Data listing
★ ★ ★ ★

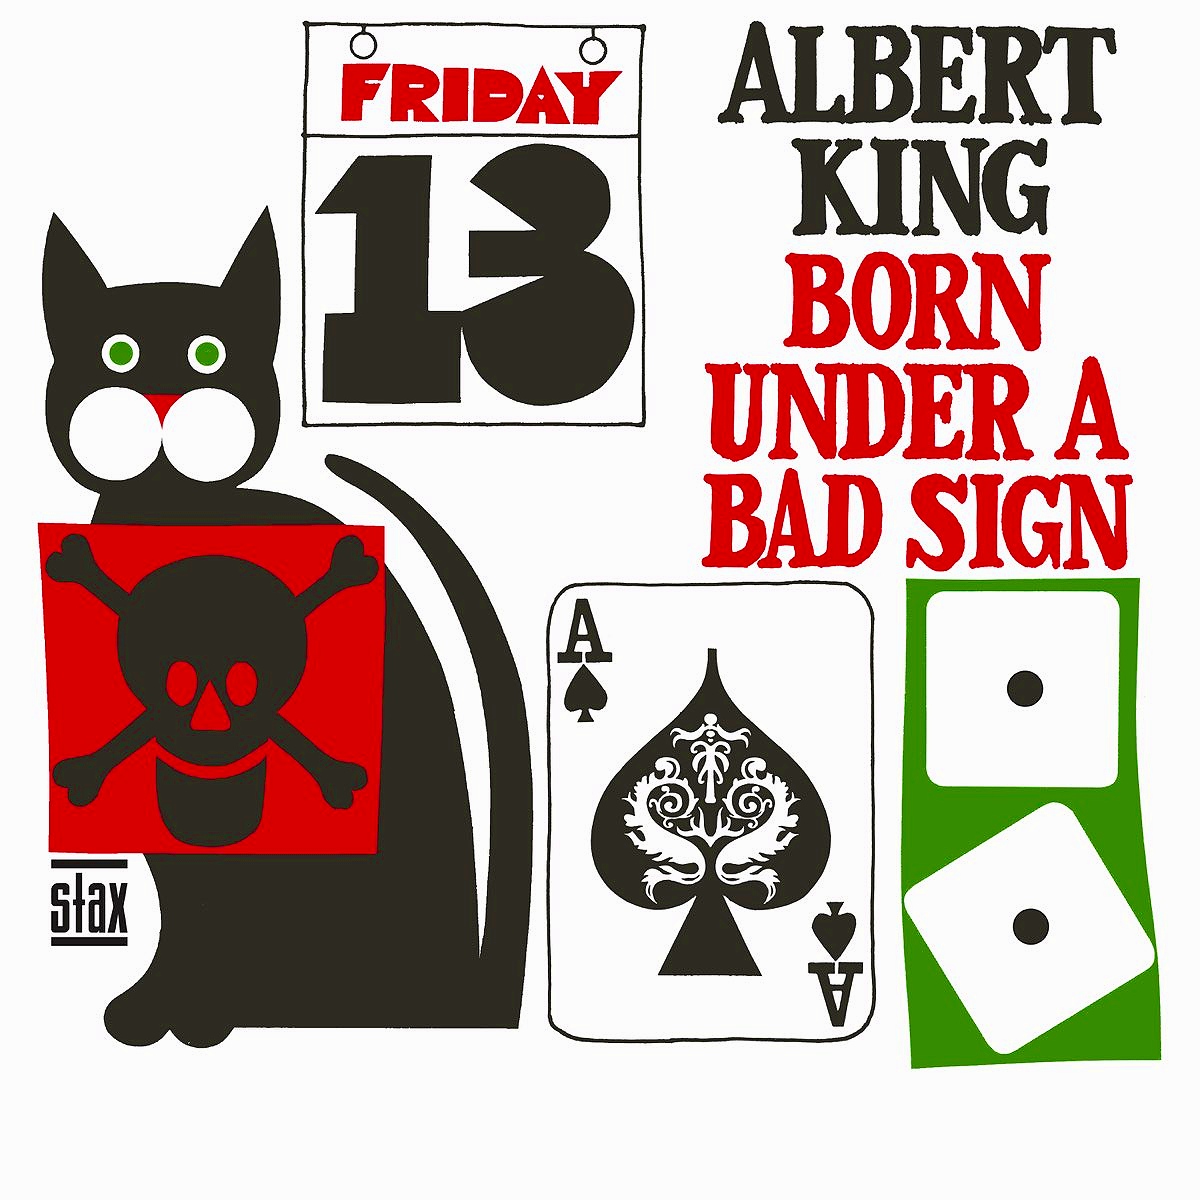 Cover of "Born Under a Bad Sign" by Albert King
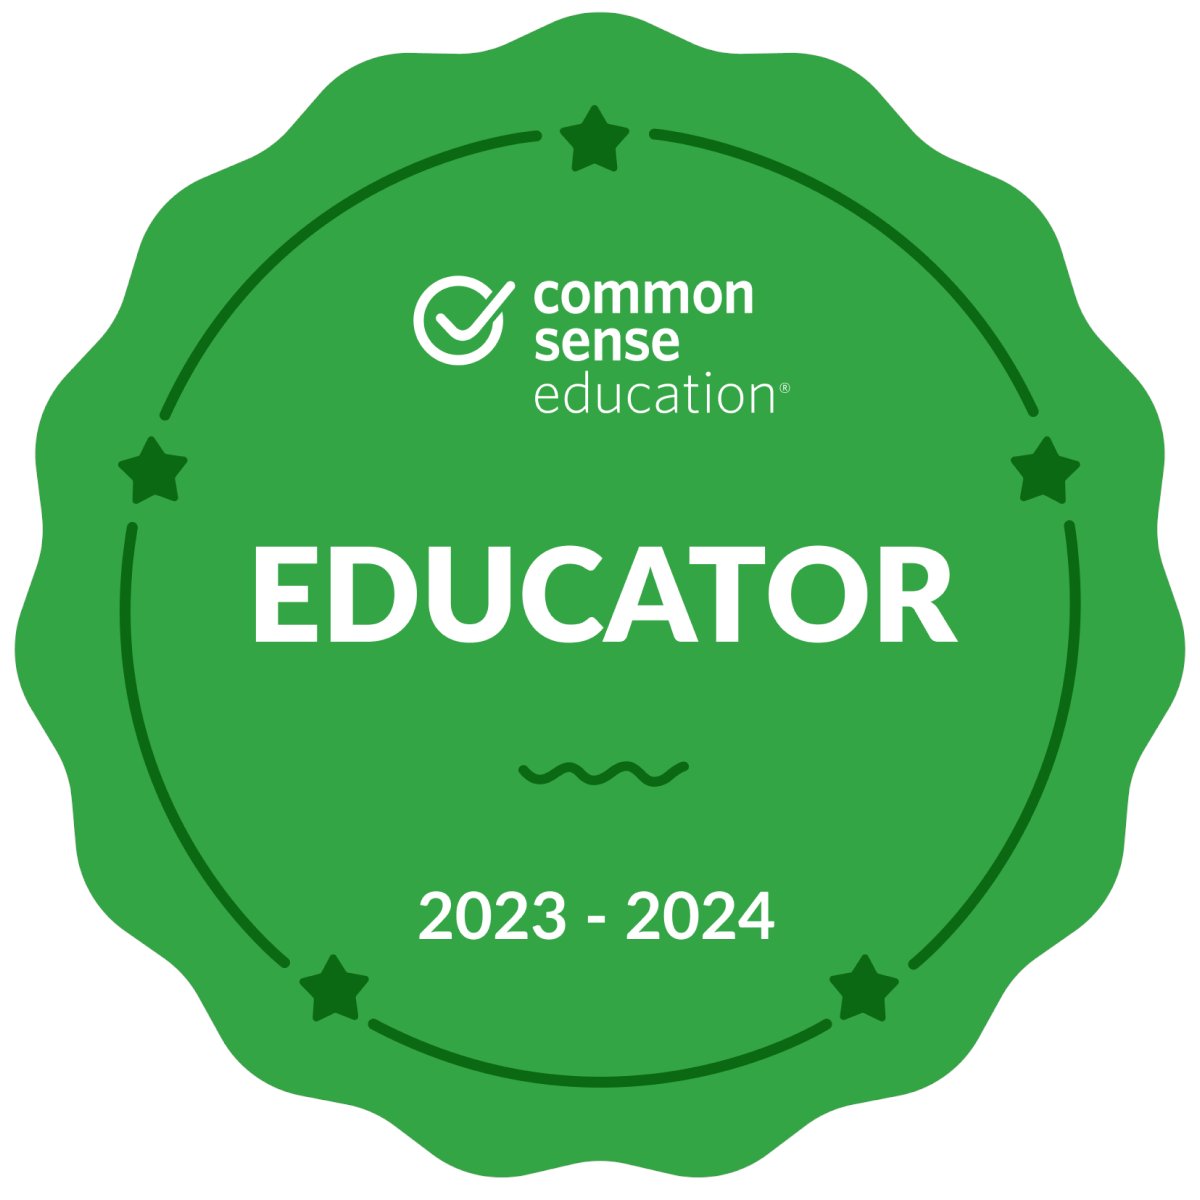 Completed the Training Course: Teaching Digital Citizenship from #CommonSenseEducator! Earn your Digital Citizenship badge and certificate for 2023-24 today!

★ ★ ★ ★

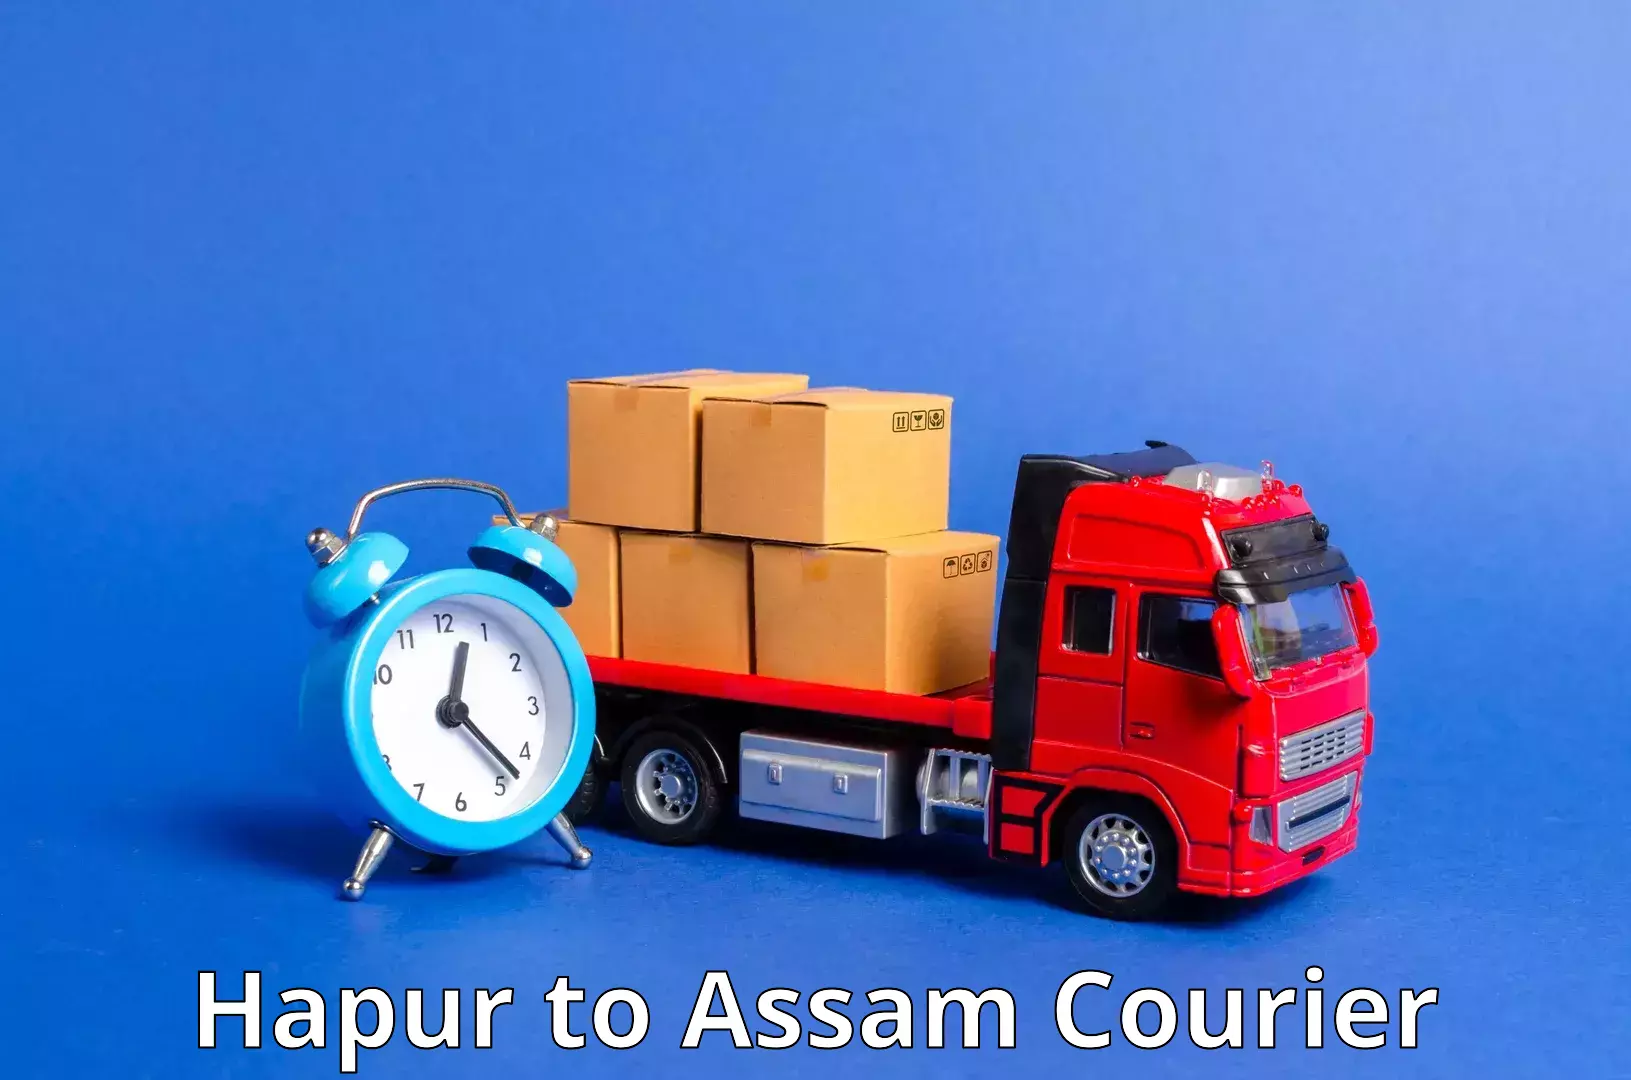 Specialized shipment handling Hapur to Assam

★ ★ ★ ★

Activity
What is needed is an exact copy of the lines above, from the one holding "by Albert King" down to the one holding "Completed the Training", with those two included and the pictures left out.

Answer to this task
 Cover of "Born Under a Bad Sign" by Albert King
 Completed the Training Course: Teaching Digital Citizenship from #CommonSenseEducator! Earn your Digital Citizenship badge and certificate for 2023-24 today!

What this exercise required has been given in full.